# WHAT TO DO
Using the data below, reproduce exactly the lines from the line with "Monaco Grand Prix" to the line with "de García Rodríguez", both included; pictures must be dropped.
───── DATA EXTRACT ─────
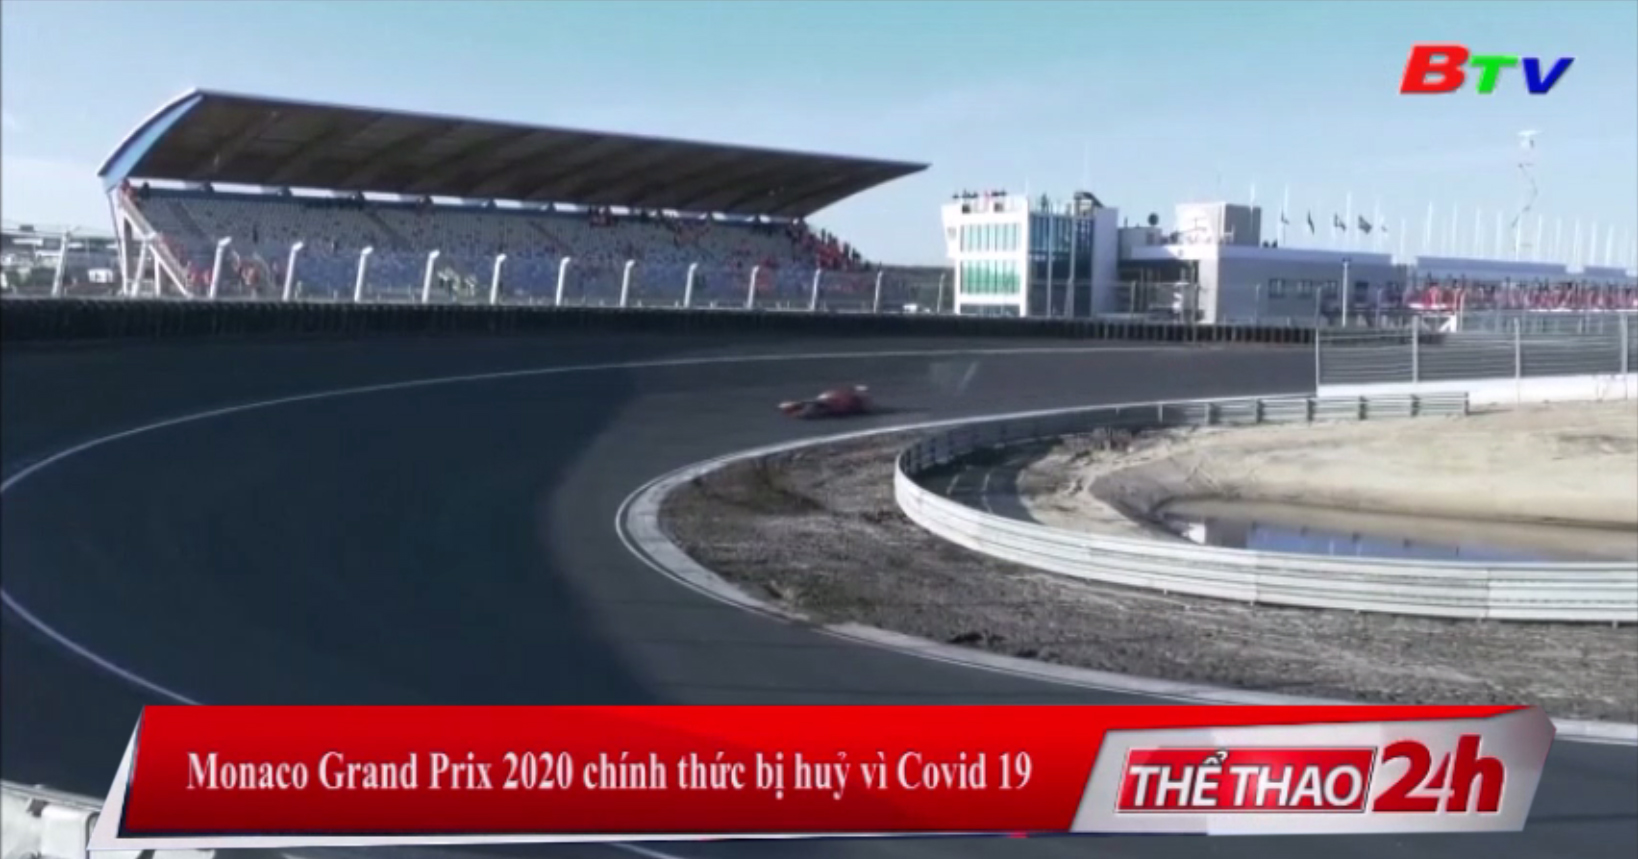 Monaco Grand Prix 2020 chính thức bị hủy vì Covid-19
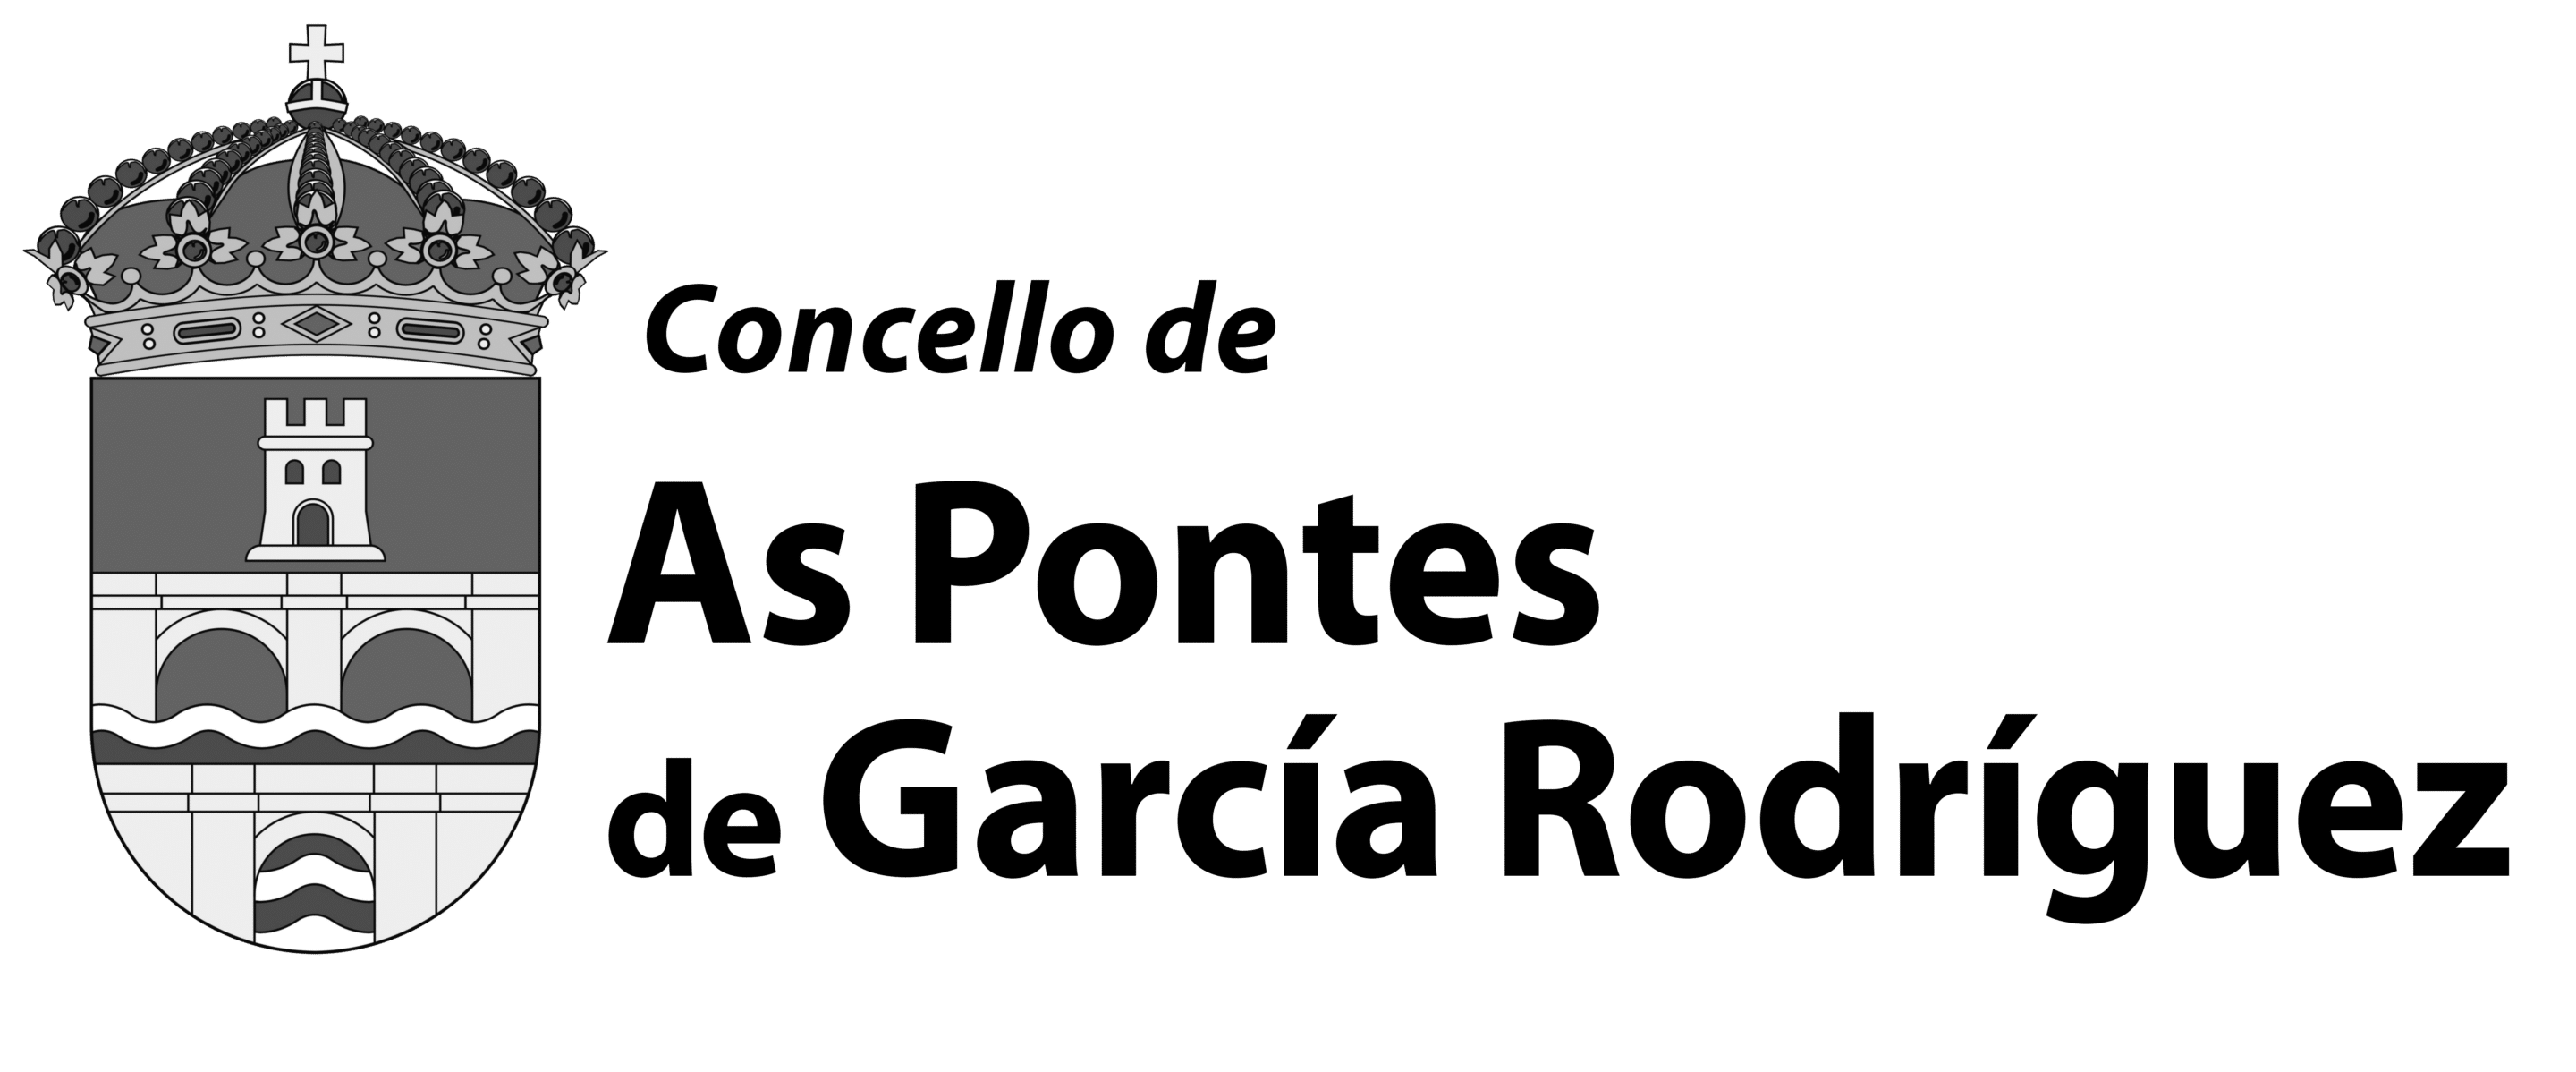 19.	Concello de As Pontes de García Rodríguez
─────
───── DATA EXTRACT ─────
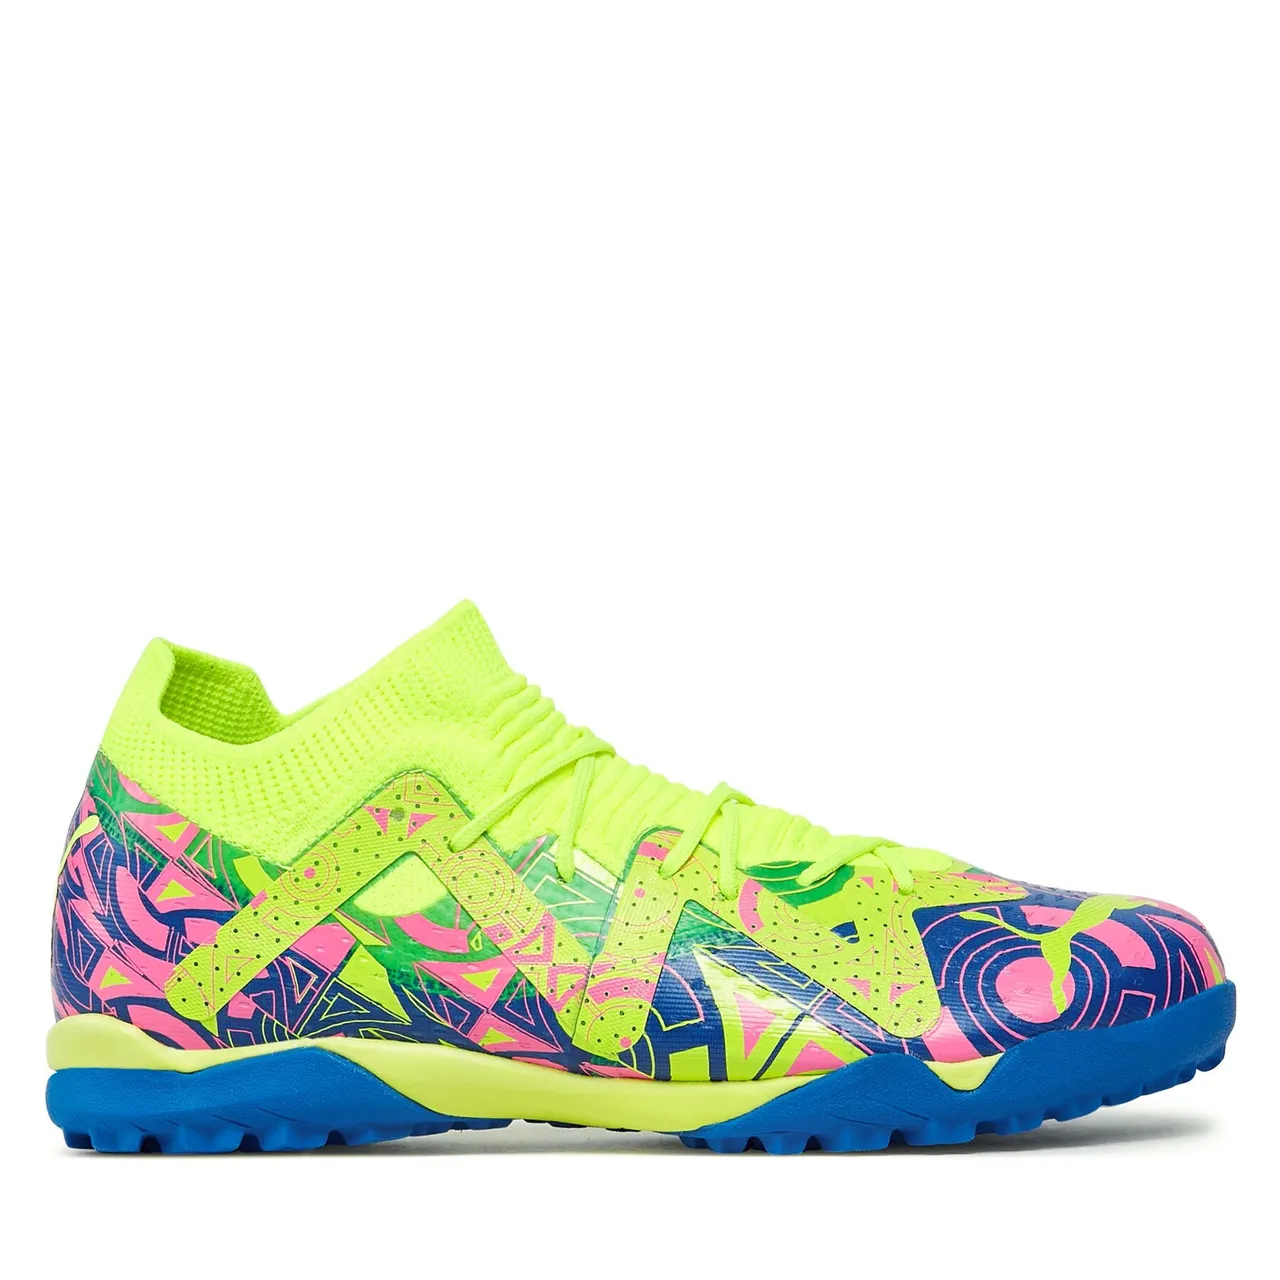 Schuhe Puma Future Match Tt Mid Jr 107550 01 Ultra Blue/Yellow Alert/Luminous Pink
─────
# ANSWER AREA
 Monaco Grand Prix 2020 chính thức bị hủy vì Covid-19
 19.	Concello de As Pontes de García Rodríguez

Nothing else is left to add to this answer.